I am not sure what this would be called.

Ideas and tools I am already comfortable with:

  • rsync is the most obvious foundation to work from but I am not sure exactly what would be the best configuration and how to manage it.

  • luckybackup is my favorite rsync GUI front end; it lets you save profiles, jobs etc which is sweet

  • freeFileSync is another GUI front end I've used but I am preferring lucky/rsync these days

  • I don't think git is a viable solution here because there are already git directories included, there are many non-text files, and some of the directory trees are so large that they would cause git to choke looking at all the files.

  • syncthing might work. I've been having issues with it lately but I may have gotten these ironed out.

Something a little more transparent than the above would be cool but I am not sure if that exists?

Any help appreciated even just idea on what to web search for because I am stumped even on that.

you are viewing a single comment's thread
view the rest of the comments
[–] [email protected] 4 points 7 months ago (1 children)

NFS and ZeroTier would likely work.

When at home NFS will be similar to a local drive, though a but slower. Faster than SSHFS. NFS is often used to expand limited local space.

I expect a cache layer on NFS is simple enough, but that is outside my experience.

The issue with syncing, is usually needing to sync everything.

[–] [email protected] 1 points 7 months ago (4 children)

What would be the role of Zerotier?
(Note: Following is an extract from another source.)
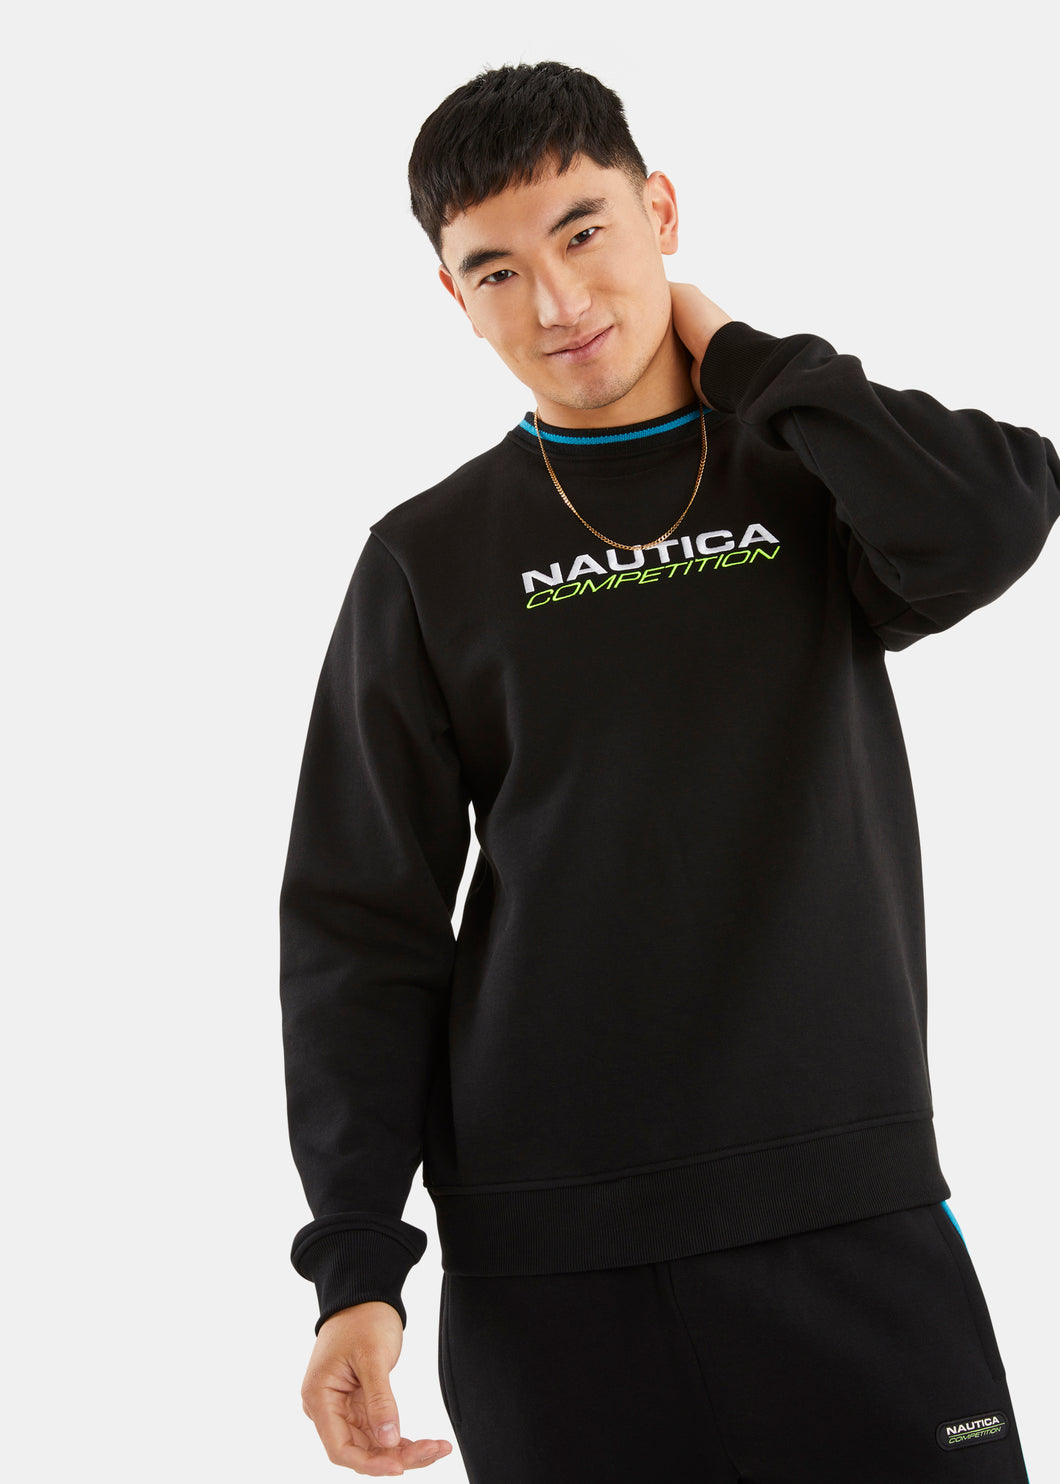 Nautica Competition Crocker Sweatshirt - Black - Front

It seems like some sort of VPN-type application. I don't understand what it's needed for though. Someone else also suggested it albeit in a different configuration.

Just doing some reading on NFS, it certainly seems promising. Naturally ArchWiki has a fairly clear instruction document. But I am having a ahrd time seeing what it is exactly? Why is it faster than SSHFS?

Using the Cache with NFS > Cache Limitations with NFS:

Opening a file from a shared file system for direct I/O automatically bypasses the cache. This is because this type of access must be direct to the server.

Which raises the question what is "direct I/O" and is it something I use? This page calls direct I/O "an alternative caching policy" and the limited amount I can understand elsewhere leads me to infer I don't need to worry about this. Does anyone know otherwise?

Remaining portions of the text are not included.